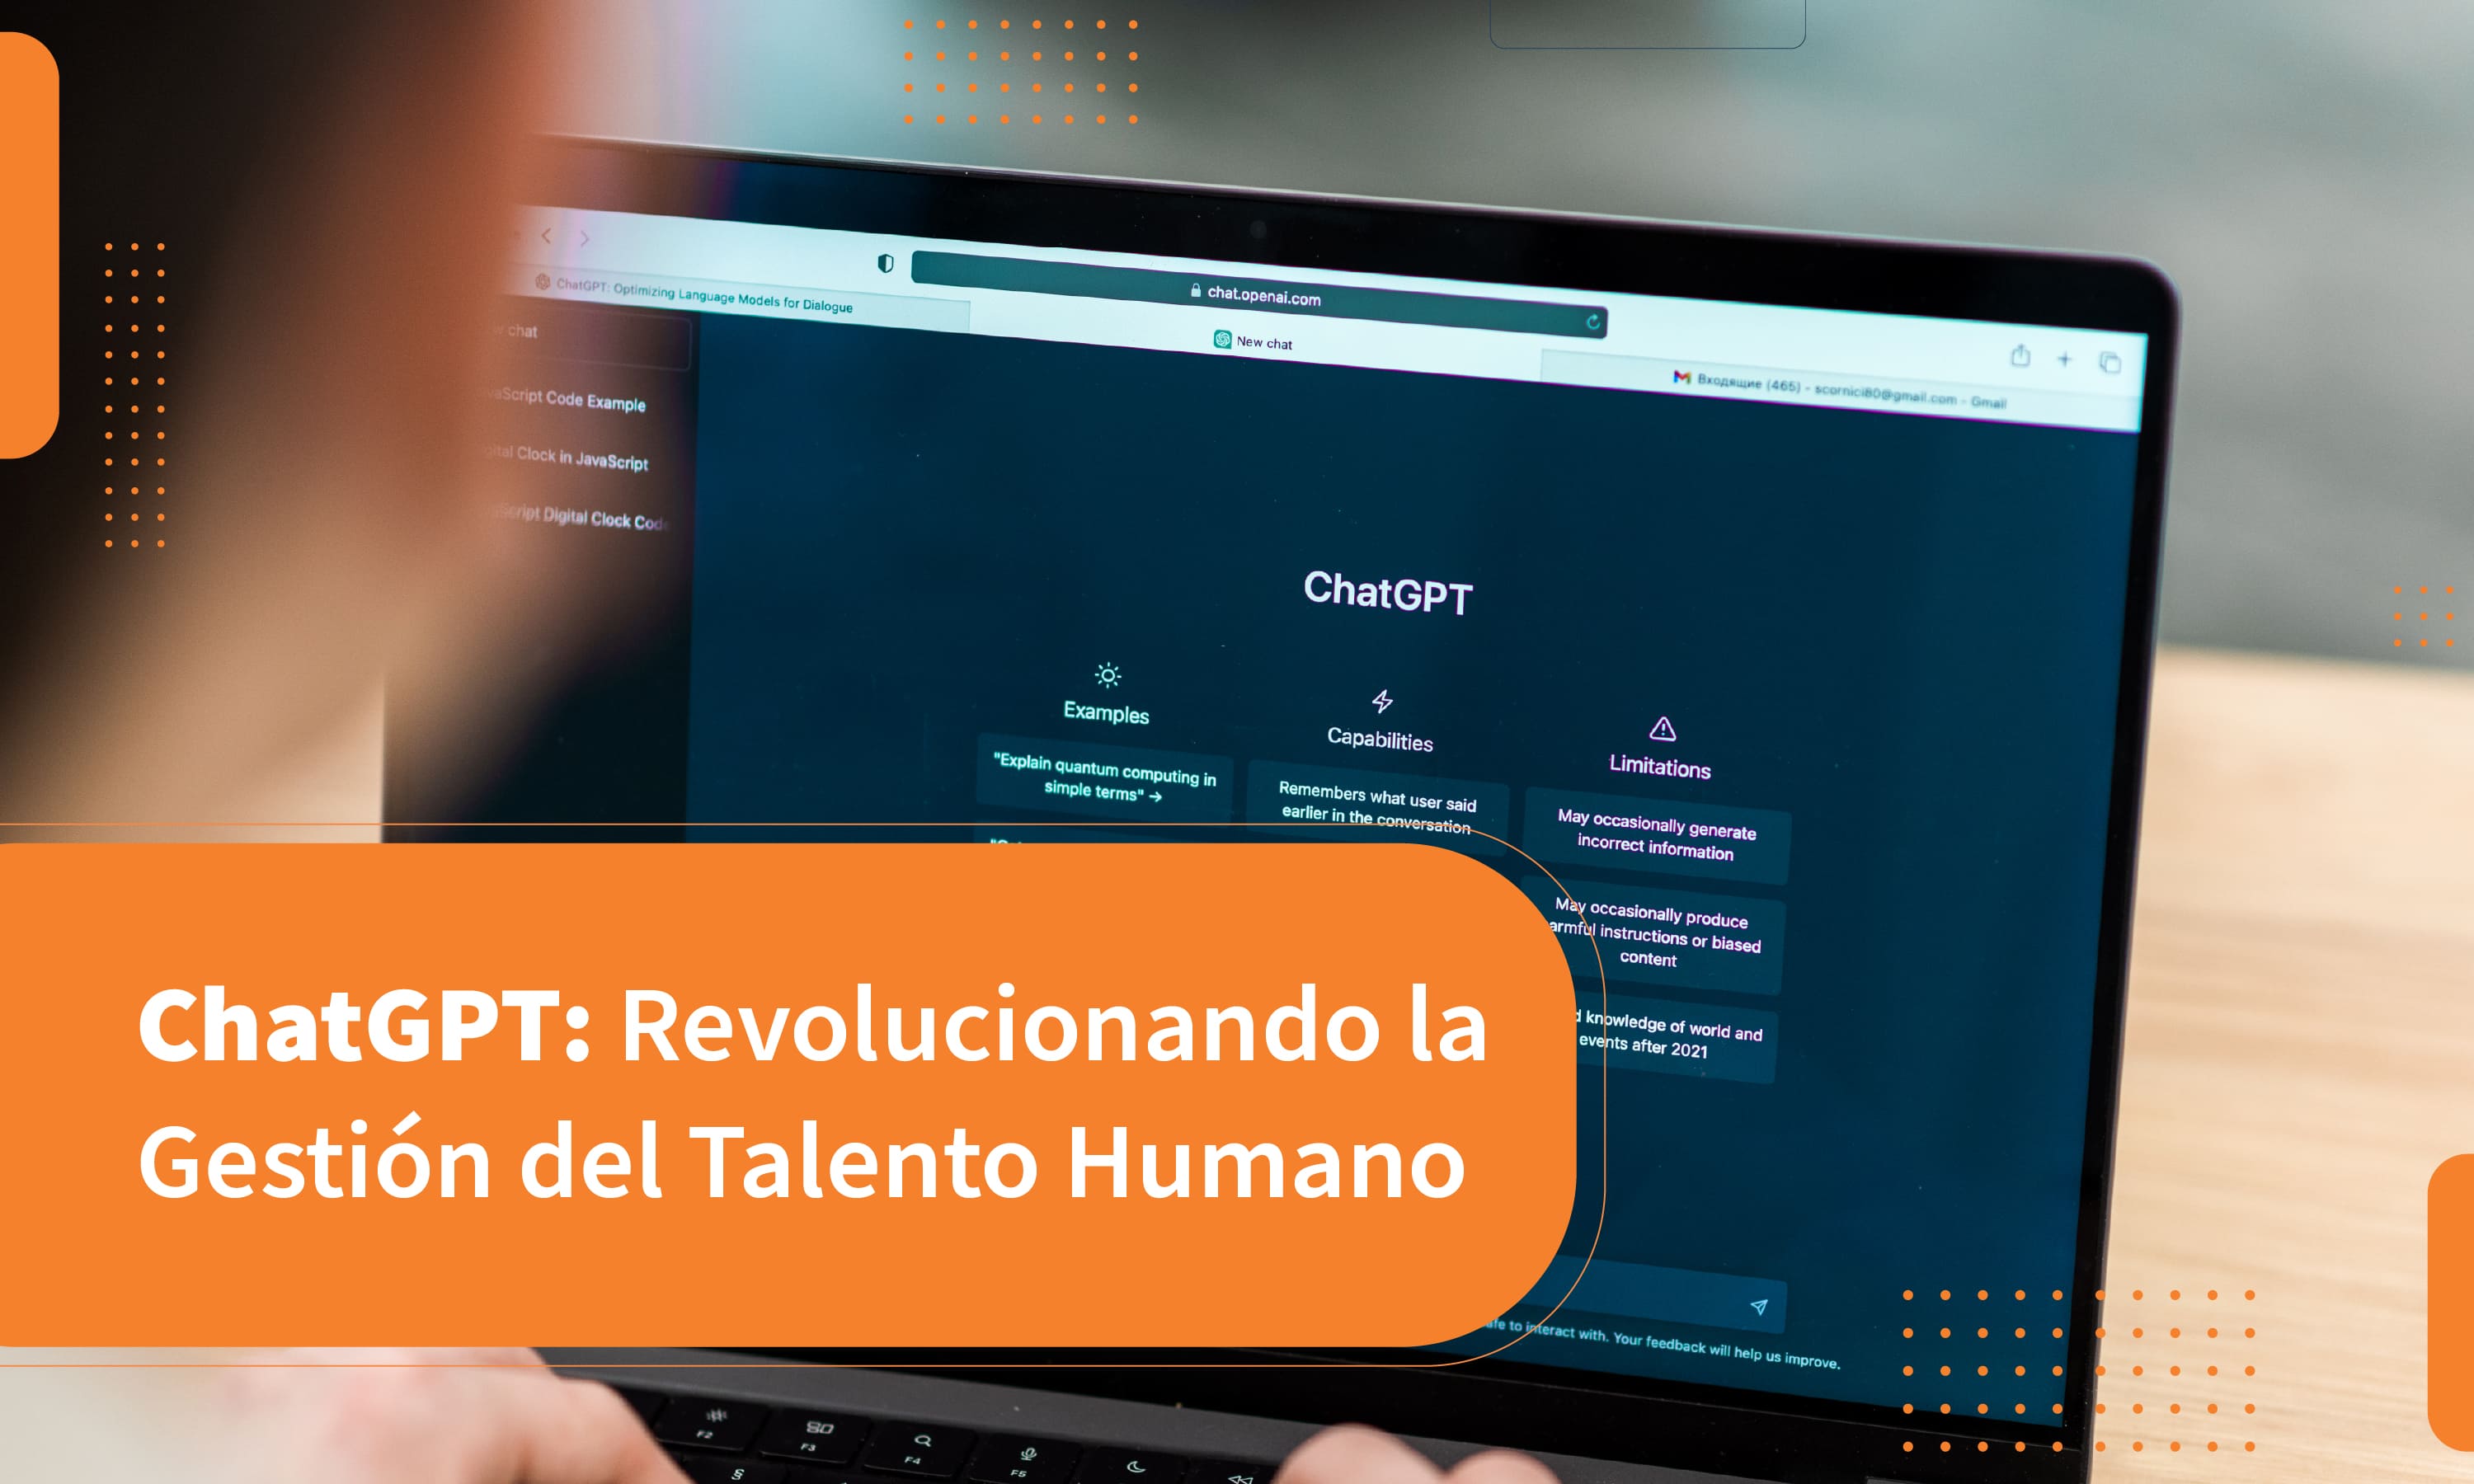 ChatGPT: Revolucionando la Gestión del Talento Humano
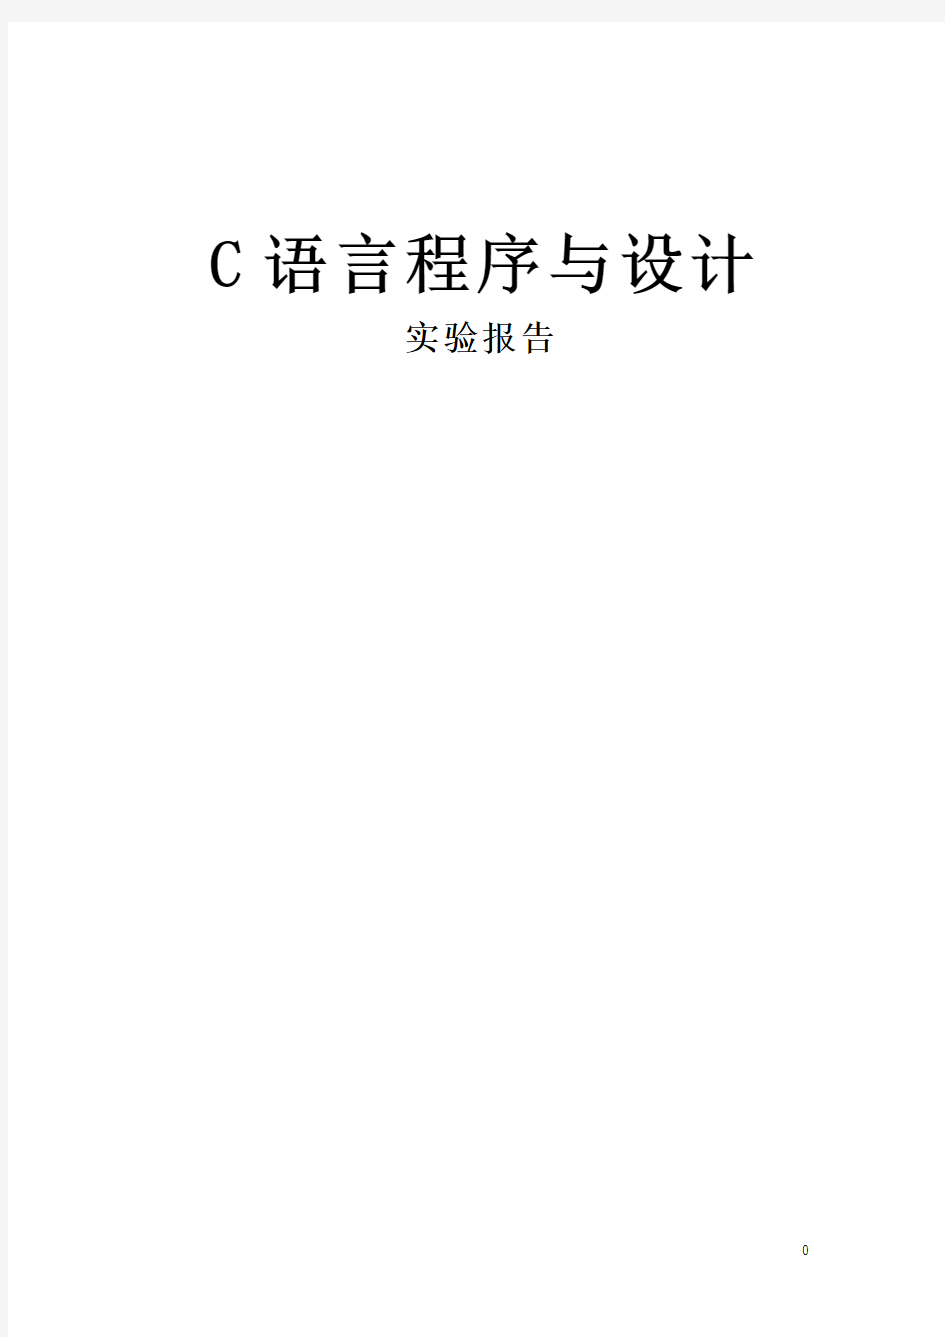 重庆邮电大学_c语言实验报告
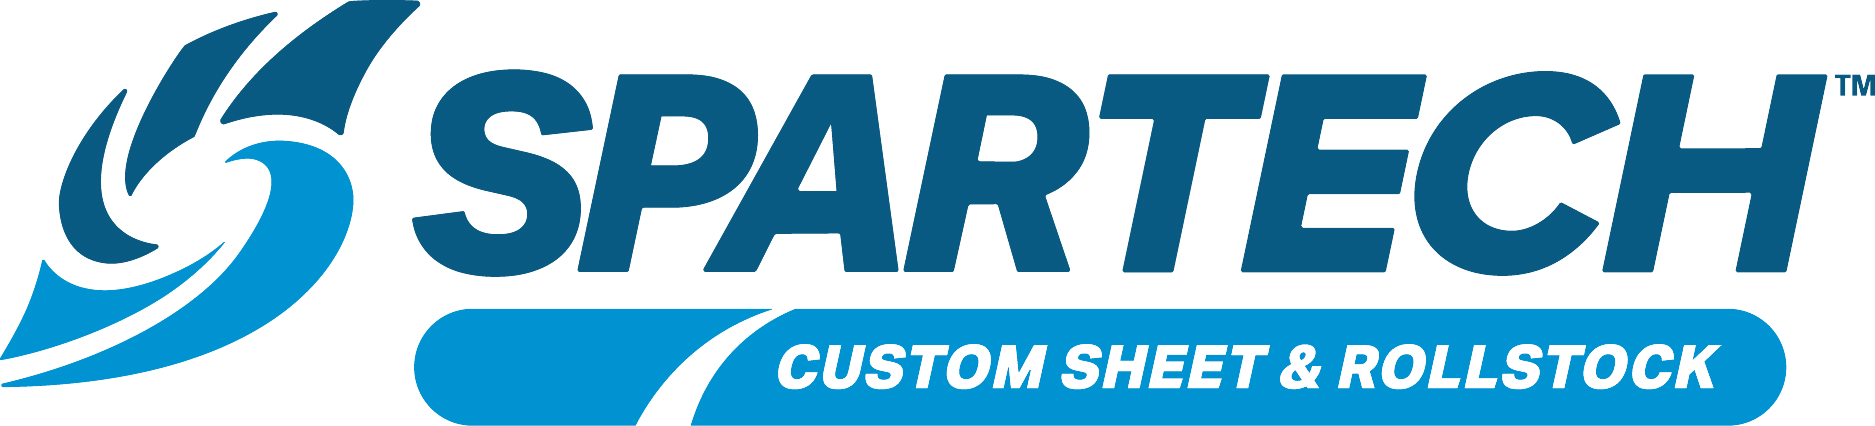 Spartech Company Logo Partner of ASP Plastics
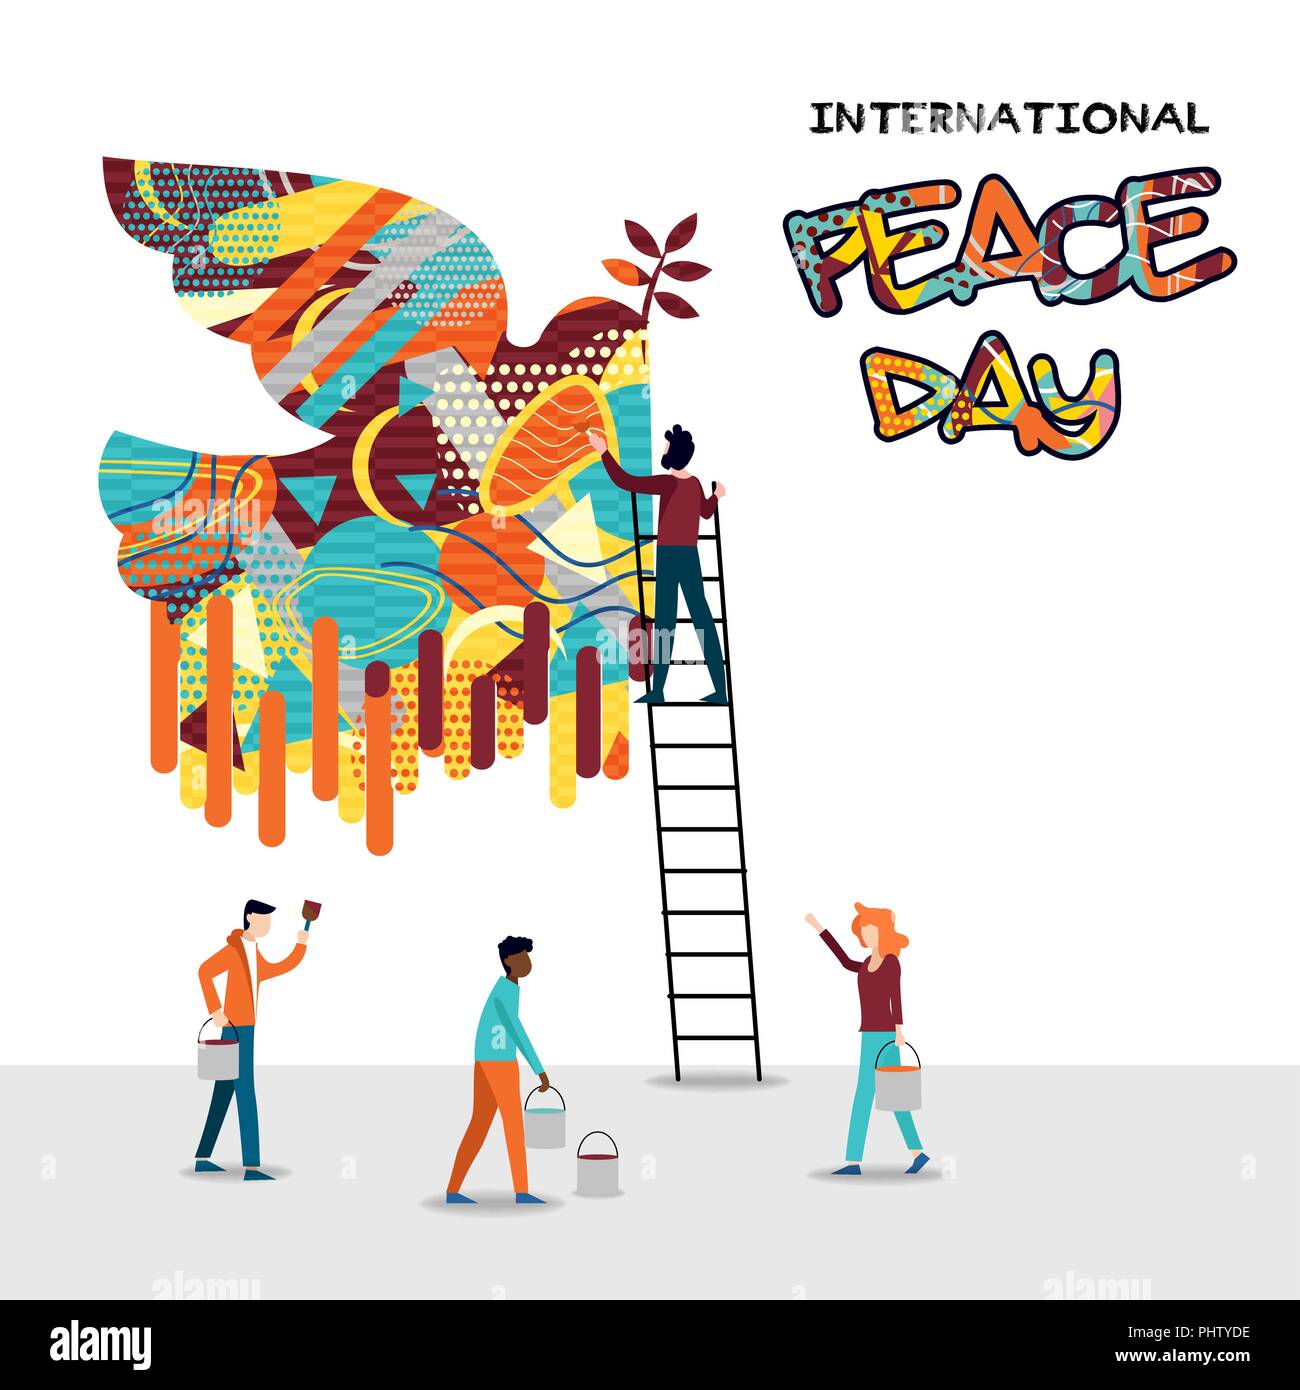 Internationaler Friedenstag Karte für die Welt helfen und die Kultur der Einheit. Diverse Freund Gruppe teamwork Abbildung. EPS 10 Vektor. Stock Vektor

○ ○ ○ ○ ○ ○ ○

The whole listing above, minus its pictures, is what you should write out word for word.

 ChatGPT: Revolucionando la Gestión del Talento Humano
 重庆邮电大学_c语言实验报告
 Spartech Company Logo Partner of ASP Plastics
 Internationaler Friedenstag Karte für die Welt helfen und die Kultur der Einheit. Diverse Freund Gruppe teamwork Abbildung. EPS 10 Vektor. Stock Vektor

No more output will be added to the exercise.